New Year's Eve in Taipei





each year, i have a goal to spend new year's eve in a different country. i have experienced madrid, munich, and rio de janeiro twice. this year, i head to taipei.

i had originally planned to spend new year's eve with my new friend, xaiochau. 6 hours before the countdown, he canceled because he had too much work. what am i going to do with myself? i don't know anyone here, and the thought of going out to taipei 101, the tallest building in the world located near city hall, with 700,000 other people, sounds daunting.

for the past three days, i have been befriending a woman named ana. she works here at the hostel where i stay. she speaks little english but understands it, and we were able to have a conversation about her life. she is from the philipines and she is here in taipei working two jobs to support both her 4 yr. old and 5 week old baby who still live in the philipines with her parents. she is an amazingly humble and hard-working woman, to say the least.

i decided that since my plans had changed, i would invite her out. she was pleased and with a smile from ear to ear, accepted my offer to take her out. she is off work at 6pm and she comes to me and i ask her if she still wants to go out. she says "maybe another time". i could tell she was tired and needed to rest for the 7am work day ahead. i was again, disappointed that i had no one to spend new year's eve with, while considering that i could be around 700,000 people and still feel completely alone. but what did i expect, coming to taipei alone. this is why i came here.

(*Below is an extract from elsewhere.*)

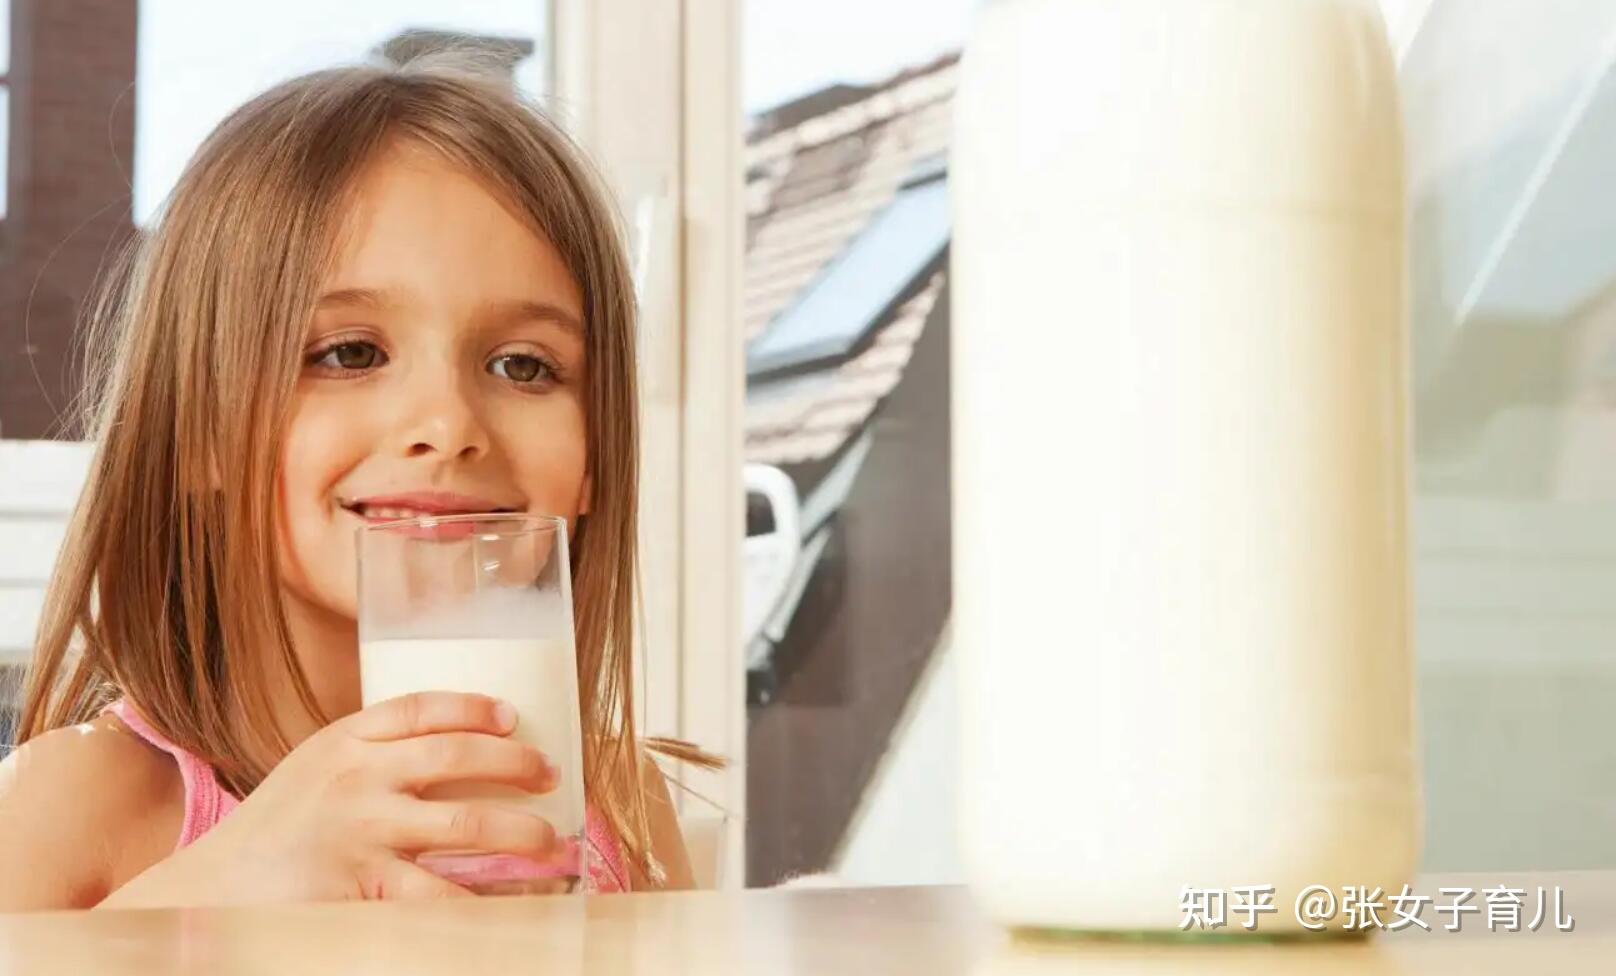 喝牛奶多放糖对身体有好处吗？-_补肾参考网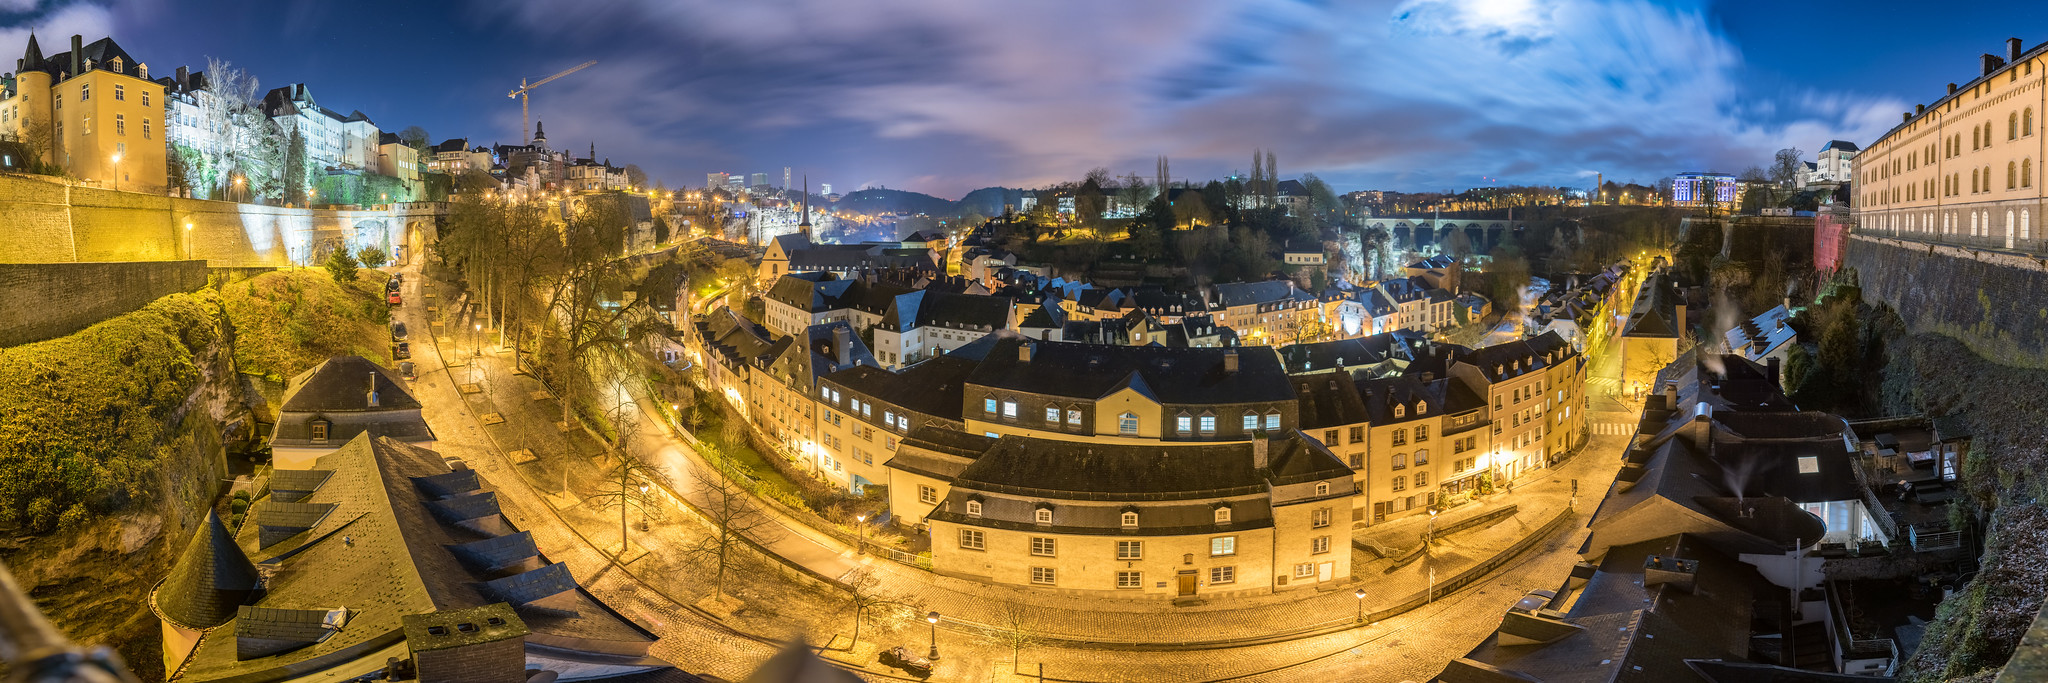 Luxembourg Grund night panorama

not thirty seconds later, a young man from hong kong walks into the lobby of the hostel and asks if me and another stranger from korea would like to go out with he and a few friends to watch the fireworks shoot off of taipei 101. we, bright-eyed, both having no plans and being alone, accept. a half hour later, we were walking around a congested food district to find a place that didn't have a long wait. we ordered dumplings as a snack, served with both a soy, fish-sauce and a red chili sesame oil. we the walk to the MRT (their metro), which was packed, and loaded into the train with many other excited passengers.

we arrive at city hall and move in a crowd of hundreds of thousands of people to the tower that's within sight only two blocks away. we find our friends, after many loud and frustrating dropped calls. while walking around the square, we see loads of people in circles with bright light sticks surrounding them to mark their space. they are all playing cards and sitting on newspaper. there are women with babies in strollers, many teenagers and well, people my age. we simply find a place to sit right in front of the main spectacle.

nothing is happening. i'm thinking there will be some kind of "pre" performance. but there isn't and then, everyone begins to count....5......4.............3............2............1.............!

then an explosion of light coming from the top of the building, the sides, within the building windows, up and down the building, shots of fireworks in a line going straight up from the ground in front of the building. electronic beams of coordinated light flowing and spiraling up and around the base of the tower up to it's spire. then, a bright white light engulfs the entire tip of the building, smoke blowing to the right, and when the light disappears, the simple phrase, "2011 R<3C". STUNNING.

everyone is cheering and screaming and hugging. they teach me how to "say happy new year" in mandarin and i forget.

we begin our treck back to the MRT and we are amazed at how much trash there is cluttering the streets, drains, business fronts, etc. i suppose it's only fair to be able to little one day out of the year. the rest of the year, taipei is the cleanest city i have ever visited. we lose a friend in the meantime and i decide to go directly back to the hostel while everyone else gets coffee. i arrive at the metro, along with the other 700,000 people and am forced into a cattle-like crowd that is not moving. we end up waiting for 2 hours, packed together, with only three steps of advancement every 5 minutes. i almost fall asleep standing up, as it's 2 am and i still have not reached the entrance. we finally get to enter, we wait for the train, we take a quick ride and i am only a half a block from my hostel.

bed was my best friend. i woke up bright and shiny at 8 a this morning and i am refreshed!